Tokenize your data (one sentence per line, split words by space)
Generate edits from parallel sents bash scripts/prepare_data.sh
(Optional) Define your own target vocab (data/vocabulary/labels.txt)

4. Configuration

We use deepspeed configs to support distributed training and fp16/bf16 data types. Please refer to the deepspeed config-json for more details.
We use max_num_tokens to limit the max length of a sequence after tokenization instead of max_len (in word level) as it's not aligned with the length of input_ids and might be misleading.
--segmented 1 should be used if your input file has spaces between words. If it's set to 0, it will split words by char.

5. Training

Edit deepspeed_config.json according to your config params. Edit deepspeed_config.json according to your config params. lr, train_batch_size, gradient_accumulation_steps will be inherited from deepspeed config file.

bash scripts/train.sh

* Performance Tuning

Suppose you want to train a GECToR model with bert-base-uncased (with 110M params), and the max seq len is set to 256 for all cases. There’re some configurations you may need to consider in order to achieve better performance / efficiency.
The basic config is to use single GPU without any tricks. Then you may get the following statistics.

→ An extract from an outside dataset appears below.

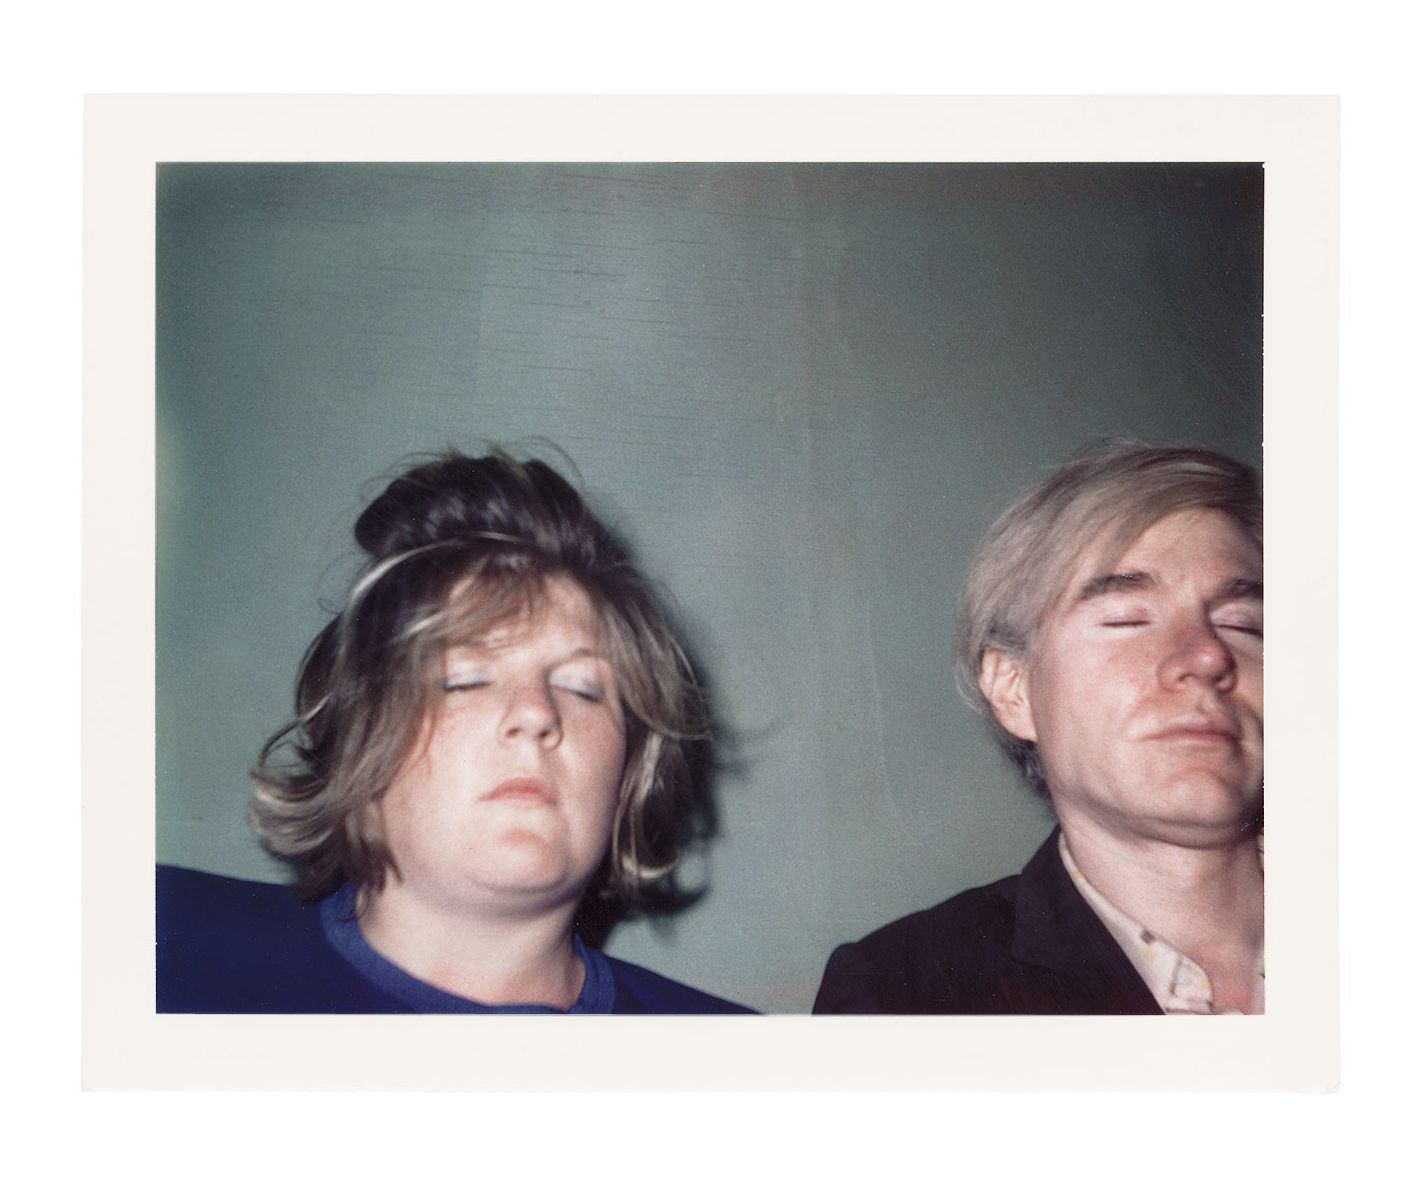 Brigid Berlin's Party Photos of Andy Warhol’s Factory Days

global batch size n_gpus MaxMemAllocated (CUDA) GPU Mem Usage (NVIDIA-SMI)
8 1 3.3GB 5880MiB
16 1 5.33GB 7610MiB
32 1 9.28GB 11712MiB
64 1 17.28GB 20344MiB
128 1 33.25GB 36654MiB
256 1 65.21GB 69864MiB

global batch size	n_gpus	MaxMemAllocated (CUDA)	GPU Mem Usage (NVIDIA-SMI)
8	1	3.3GB	5880MiB
16	1	5.33GB	7610MiB
32	1	9.28GB	11712MiB
64	1	17.28GB	20344MiB
128	1	33.25GB	36654MiB
256	1	65.21GB	69864MiB

As you can see, The max batch size you can set is limited by the GPU memory allocation. The simplest way to get a larger batch size is to use gradient accumulation, which accumulates the gradients several steps and update at a given interval. In this case, you can reduce the memory usage a lot.

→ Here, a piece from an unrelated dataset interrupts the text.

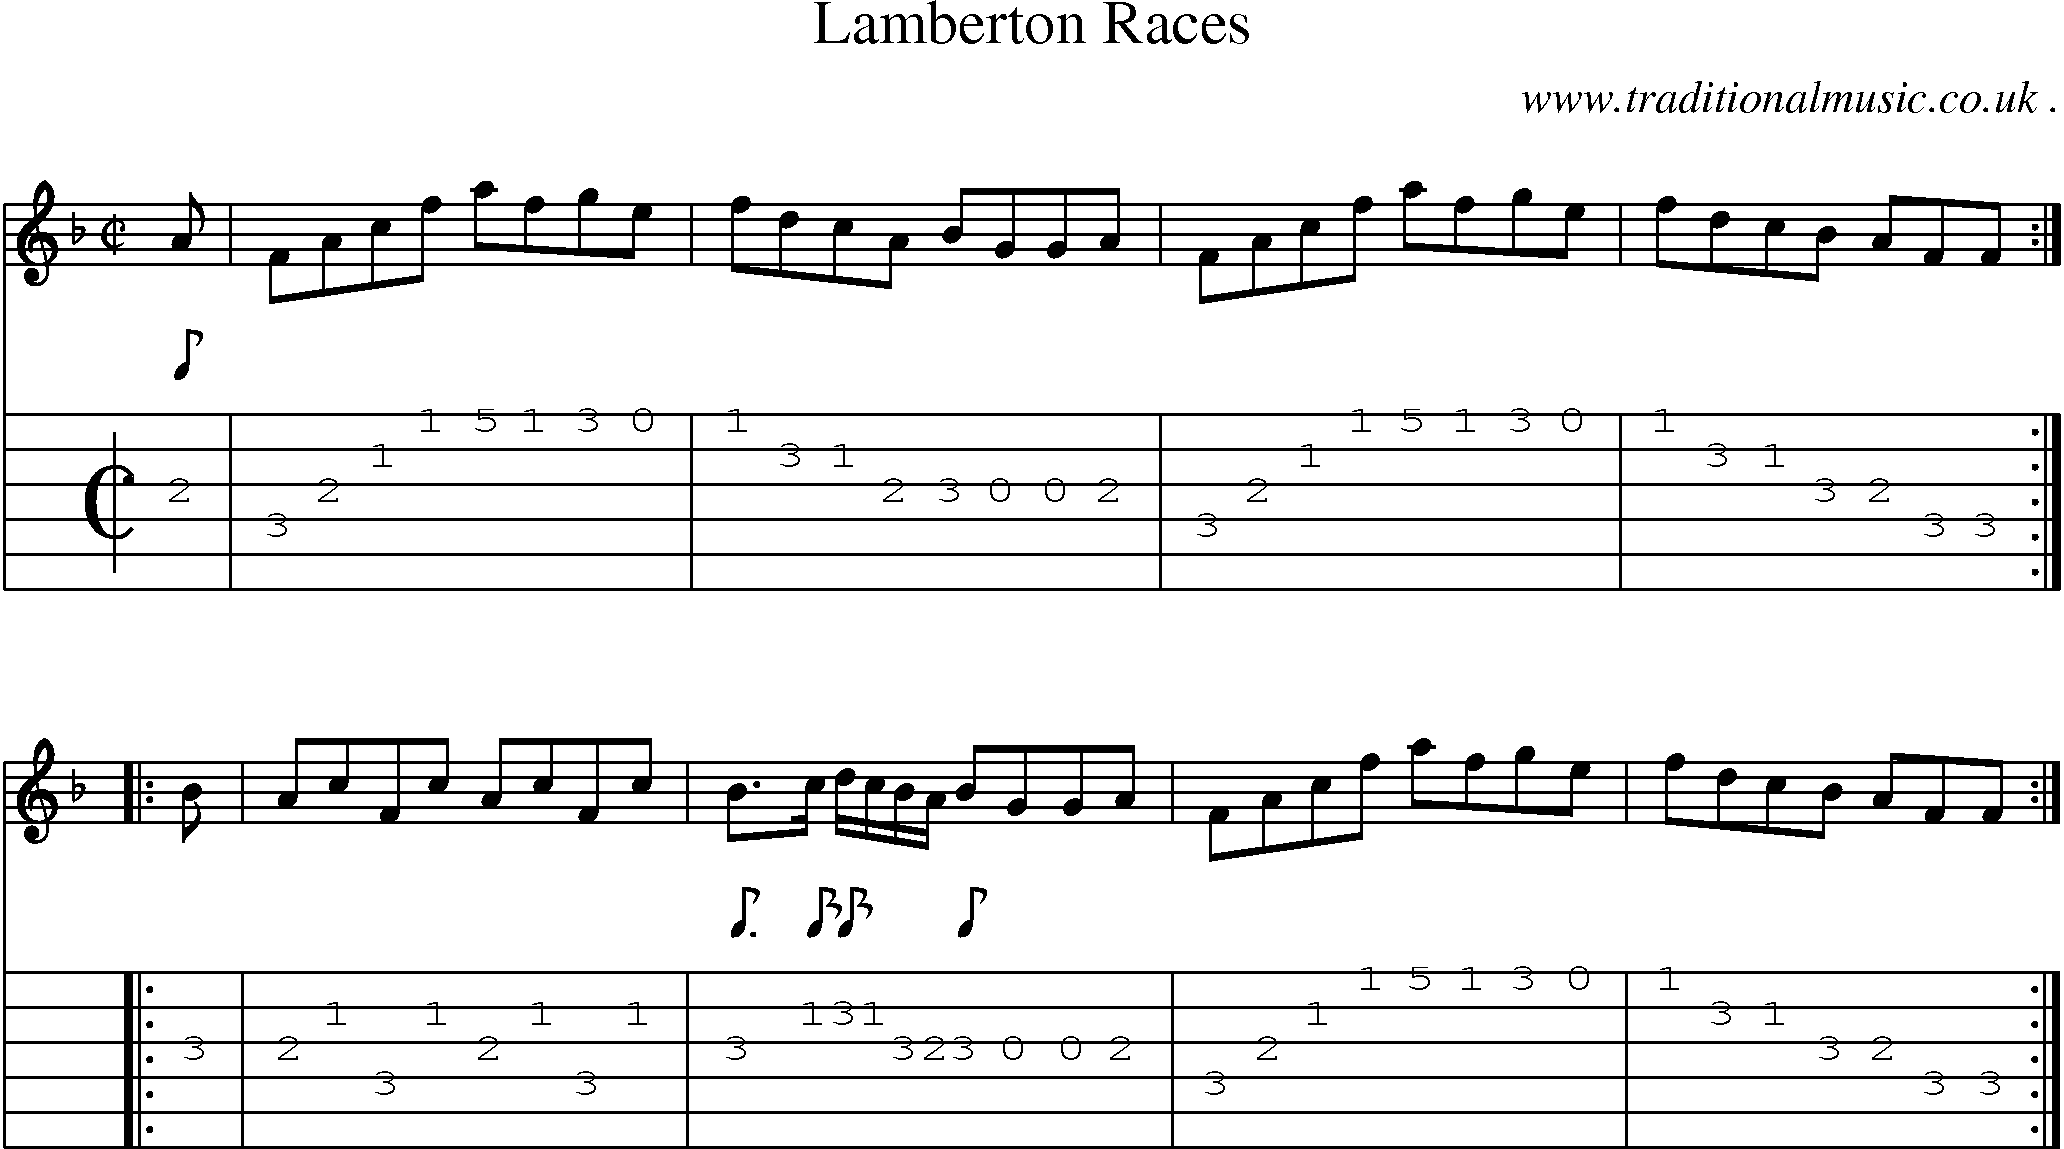 Sheet-music  score, Chords and Guitar Tabs for Lamberton Races

global batch size	effective batch size	gradient accumulation steps	n_gpus	MaxMemAllocated (CUDA)	GPU Mem Usage (NVIDIA-SMI)
256	256	1	1	65.21GB	69864MiB
256	128	2	1	33.68GB	36654MiB
256	64	4	1	17.71GB	20152MiB
256	32	8	1	9.7GB	12344MiB
256	16	16	1	5.76GB	8018MiB
256	8	32	1	3.72GB	5872MiB

Another way to train with a large batch size is to use data parallel strategy, which make model replicas and data batch slices across DP ranks to alleviate the memory consumed per GPU.

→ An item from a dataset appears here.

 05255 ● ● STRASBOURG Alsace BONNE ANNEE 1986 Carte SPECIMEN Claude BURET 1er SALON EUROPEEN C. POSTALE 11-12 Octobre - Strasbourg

global batch size n_gpus MaxMemAllocated (CUDA) Per GPU Mem Usage (NVIDIA-SMI)
256 1 65.21GB 69864MiB
256 2 33.25GB 37038MiB
256 4 17.28GB 21160MiB
256 8 9.28GB 12616MiB

global batch size	n_gpus	MaxMemAllocated (CUDA)	Per GPU Mem Usage (NVIDIA-SMI)
256	1	65.21GB	69864MiB
256	2	33.25GB	37038MiB
256	4	17.28GB	21160MiB
256	8	9.28GB	12616MiB

It’s also possible to further reduce the memory usage. For example, you can use FP16 data types for training efficiently at the cost of lower precision. Furthermore, deepspeed’s zero optimizations can also be used alone / together in distributed training. Note that for small models, higher zero stages may not help. For most cases, zero1 (optimizer states partitioning) is enough.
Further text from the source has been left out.